B R I E F S
7
Donation will create an environmental law clinic and
environmental justice institute
Alumnus Dick Jacobs, J.D. ’67, and his wife, Joan, made
a new $200,000 gift to Stetson Law to be used in a
challenge geared toward funding the establishment
of the Dick and Joan Jacobs Public Interest Environmental
Law Clinic. The Clinic will be to support greater stakeholder
participation in environmental policy and decision-making in
the courts, agencies, and legislatures.
Their ultimate objective is to create an Institute of
Environmental Justice with an expansive array of public interest
services to the legal and lay communities, as well as governmental
organizations, while offering law students opportunities to
provide hands-on services as part of their legal training.

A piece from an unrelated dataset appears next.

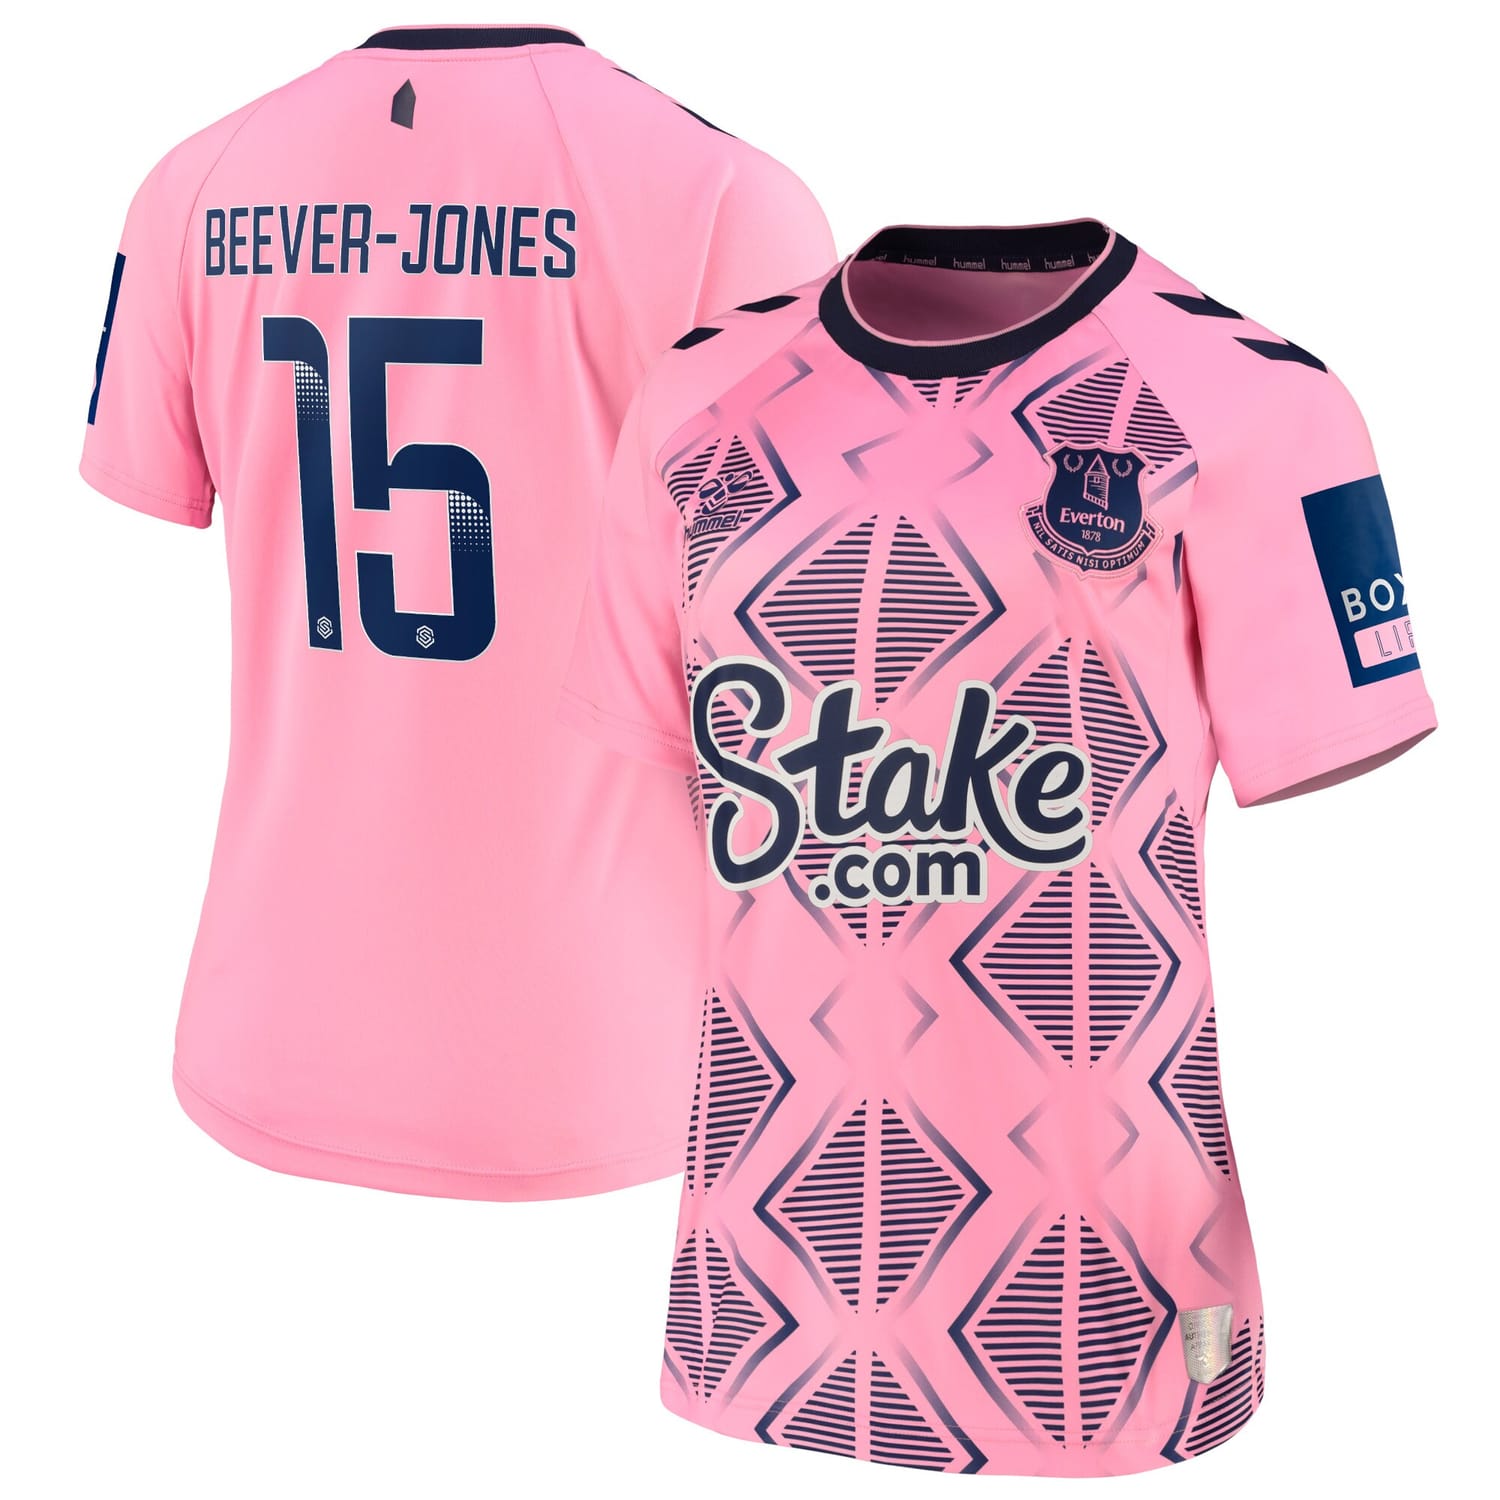 Premier League Everton Away WSL Jersey Shirt 2022-23 player Aggie Beever-Jones 15 printing for Women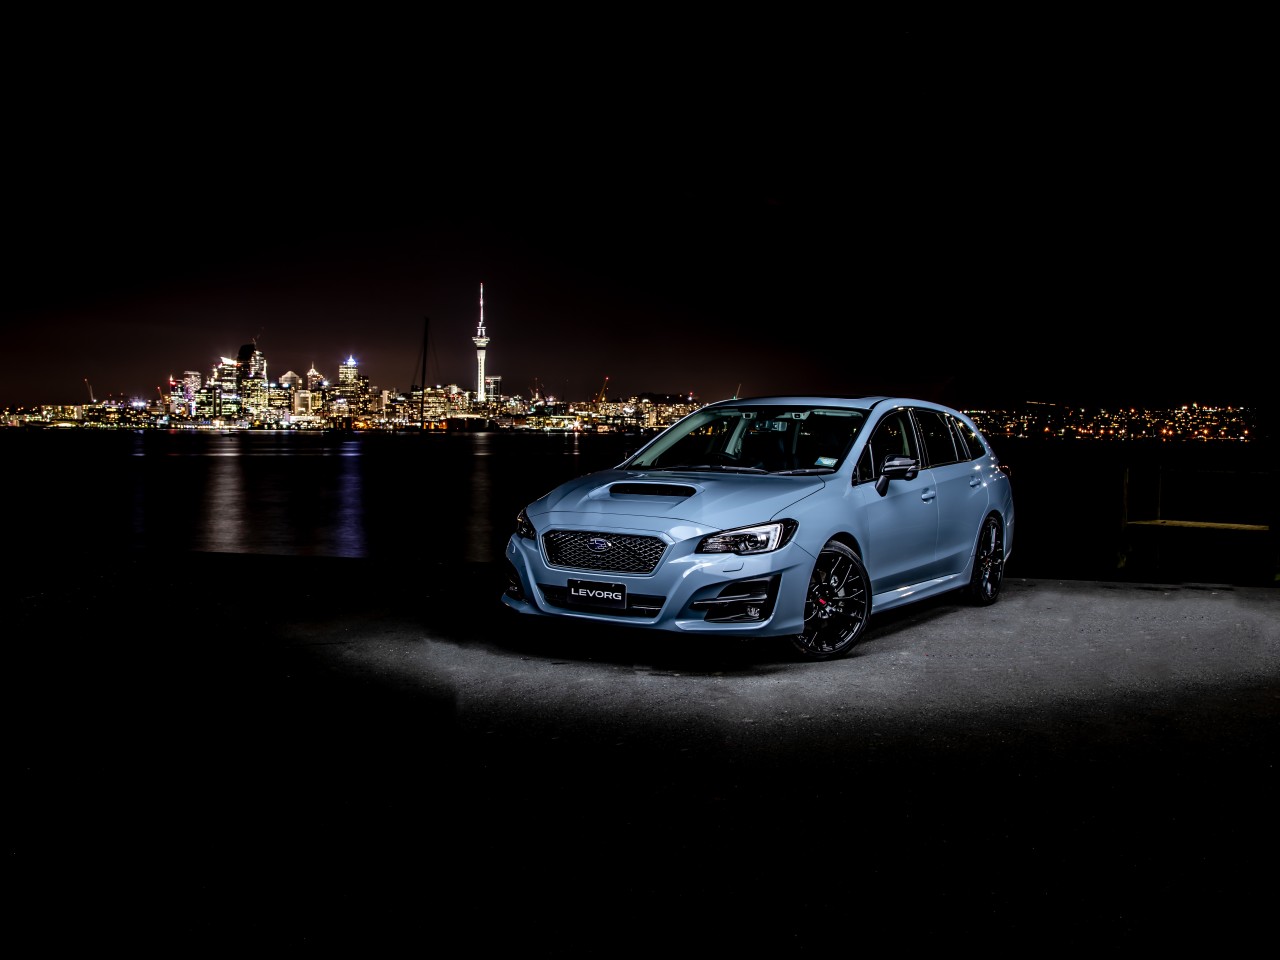 The 2020 Subaru Levorg in the night life

“The kids have got to become the difference makers,” Dick said.
“We just can’t keep repeating the past. That’s why you go to law
school – to be a difference maker. An Institute of Environmental
Justice will give students the chance to have an impact on
environmental policies while they are still lawyers in training and,
we hope, inspire them to continue that work after graduation.”
Nonprofit recognizes Stetson Law student with education
award Nicholas Lewis, a 3L in the Environmental Law
Concentration, won the 2020 Environmental Education
Program Award from Keeping Tampa Bay Beautiful
for a K-12 lesson plan he developed for the organization’s
Environmental Education Center. KTBB promotes environmental
stewardship through volunteer and educational opportunities,
including litter cleanups, invasive plant removal, and more.
Lewis took the Environmental Advocacy class at Stetson last year,
and his lesson plan was part of the class coursework. He serves as
the treasurer of Stetson’s Environmental Law Society and has spent
most of his school breaks working with the planning department
in his hometown of Winter Park, Fla. He hopes to continue
that after graduation, working for more feasible and sustainable
development in light of Florida’s population growth, rising sea
levels, and other environmental challenges.
A Stetson contingent attended oral arguments before the United States
Supreme Court in November 2019. Pictured, from left: Professor Royal Gardner;
attorney Kathleen Gardner of Pollack Solomon Duffy LLP; attorney David
Henkin from Earthjustice who argued the case; then 3L Kate Welch; and Erin
Okuno, J.D. ’13 assistant director of Stetson’s Institute for Biodiversity Law
and Policy.
Biodiversity Institute plays role in Supreme Court decision
on Clean Water Act case
In summer 2019, Stetson Law’s Institute for Biodiversity Law
and Policy filed an amicus curiae brief in the U.S. Supreme
Court in County of Maui v. Hawaii Wildlife Fund et al. on
behalf of aquatic scientists and scientific societies. On April 23,
2020, the U.S. Supreme Court referenced that brief in its 6-3
decision, which held that the Clean Water Act (CWA) covers
the functional equivalent of direct discharges of pollutants to
navigable waters. The ruling emphatically rejected the County of
Maui and the Administration’s attempt to restrict the CWA to
direct discharges of pollutants, which would have categorically
excluded pollutants conveyed through groundwater, said Royal
Gardner, director of the Institute for Biodiversity Law and Policy.
It also validated and elevated the importance of science and its role
in determining when and how the CWA applies.